In Vietnam, approximately 30 percent of the total workforce shifted from low productive agriculture to relatively more productive manufacturing and service jobs.

Vietnam Benefits Greatly from Reallocation of its Labor Force Away from Agriculture
Photo: Reuters
Transition from a low- to middle-income country generally involves the combination of two key factors: favorable demography and sectoral transformation. Sectoral transformation is defined as a reallocation of the labor force from less to more productive sectors.
As expected, Vietnam greatly relied on these two factors, which on average counted for approximately three-fourths of its per capita output growth during 1996–2012. 
The big decline in the fertility rate from 5 children to 2.5 children per mother led to an increase in the share of working-age people relative to dependents from 124 percent in 1985 to 238 percent in 2015 (the peak), and to 228 percent in 2018.
So long as these new workers were able to find jobs, the arithmetic of more workers than dependents provided a window of opportunity to accelerate growth before the workers start to age, contributing on average 1.7 percentage points of GDP per capita growth per year over the past 25 years.

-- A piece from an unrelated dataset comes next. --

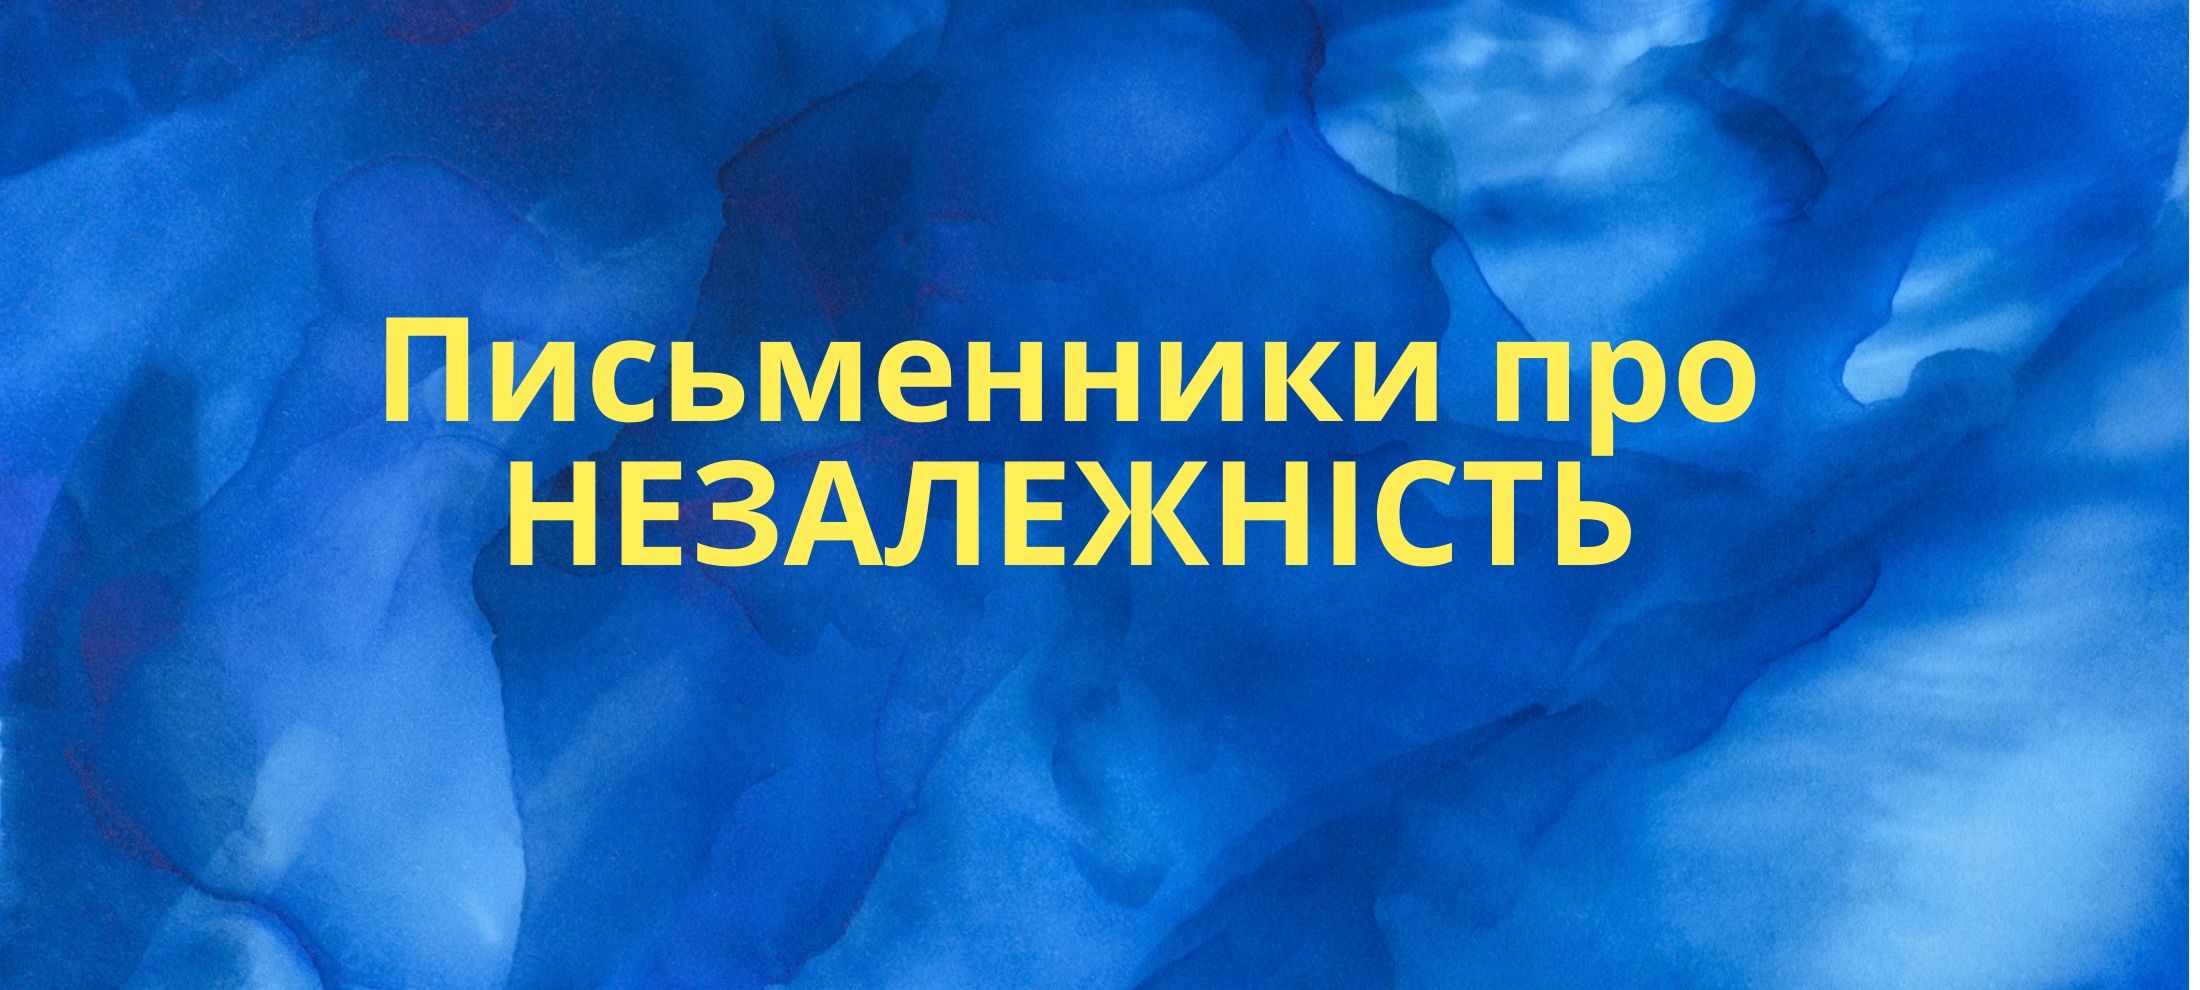 День незалежності: 24 серпня 1991 року у мріях та спогадах українських письменників 0
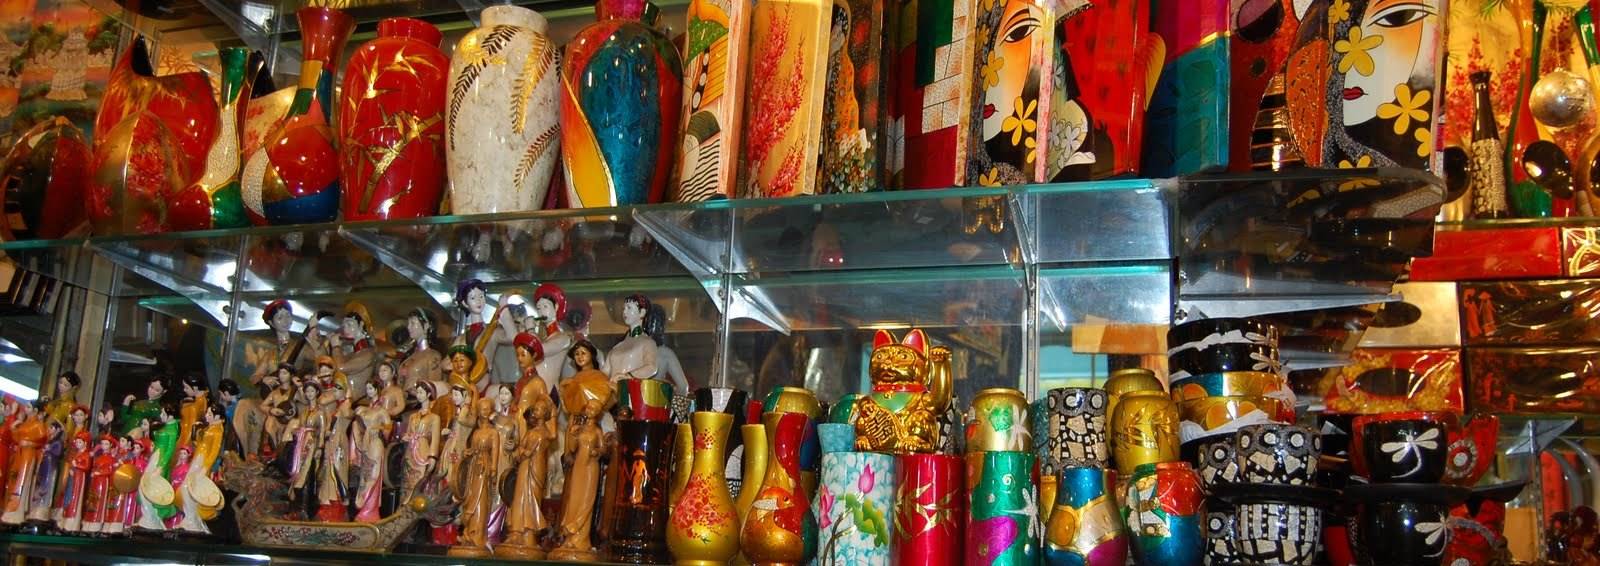 Что привезти из нячанга (вьетнам): фрукты, кофе, лекарства, сувениры | блог о приключениях ксюши и славы наймушиных

Over the past two decades, Vietnam also benefited from the reallocation of its labor force away from agriculture, which is a key stylized fact observed in most dynamic low-income countries. 
In Vietnam, approximately 30 percent of the total workforce shifted from low productive agriculture to relatively more productive manufacturing and service jobs, generating intersectoral productivity gains equivalent to about 3.4 percentage points of GDP per year during 1996–2012. 
This shift was encouraged by the initial productivity gains in the agricultural sector as fewer workers were required per output—the push factor. It was also enhanced, on the pull side, by the rapid industrialization process, as many new workers were absorbed by the manufacturing industry, which has been a traditional source of relatively well-paid wage employment.
Today the employment structure in Vietnam looks very different; respective shares of agriculture, industry, and services in total employment are 39.5 percent, 25.8 percent, and 34.7 percent, compared to 68.6 percent, 12.3 percent, and 19.1 percent in early 1990s. These two traditional drivers of economic growth, however, will weaken as a country graduates from its low-income status. 
According to a recent World Bank study, about 80 percent of labor productivity growth in low-income countries comes from the reallocation of labor, while this contribution is only 36 percent and 32 percent in lower- and upper middle-income countries, respectively. Similarly, the demographic dividend tends to diminish in more mature economies. In line with the above cross-country empirical evidence, both the demographic dividends and the speed of the structural transformation are projected to slow in Vietnam. 
Driven by a rise in life expectancy and declining birth rates, Vietnam’s population is aging rapidly, leading to a substantial decrease in the ratio of working-age people to dependents from about 230 percent today to 200 percent in 2030 and only 165 percent in 2050. 
Similarly, while the shift of the labor force toward industry and services should continue, the magnitude of these intersectoral labor movements (and their associated productivity gains) should decrease. The capacity of nonagricultural sectors to absorb all the released workers will diminish with the greater deployment of skills-intensive technologies. The declining trend in productivity of receiving domestic sectors, mainly the informal service sector in urban centers, already points in that direction.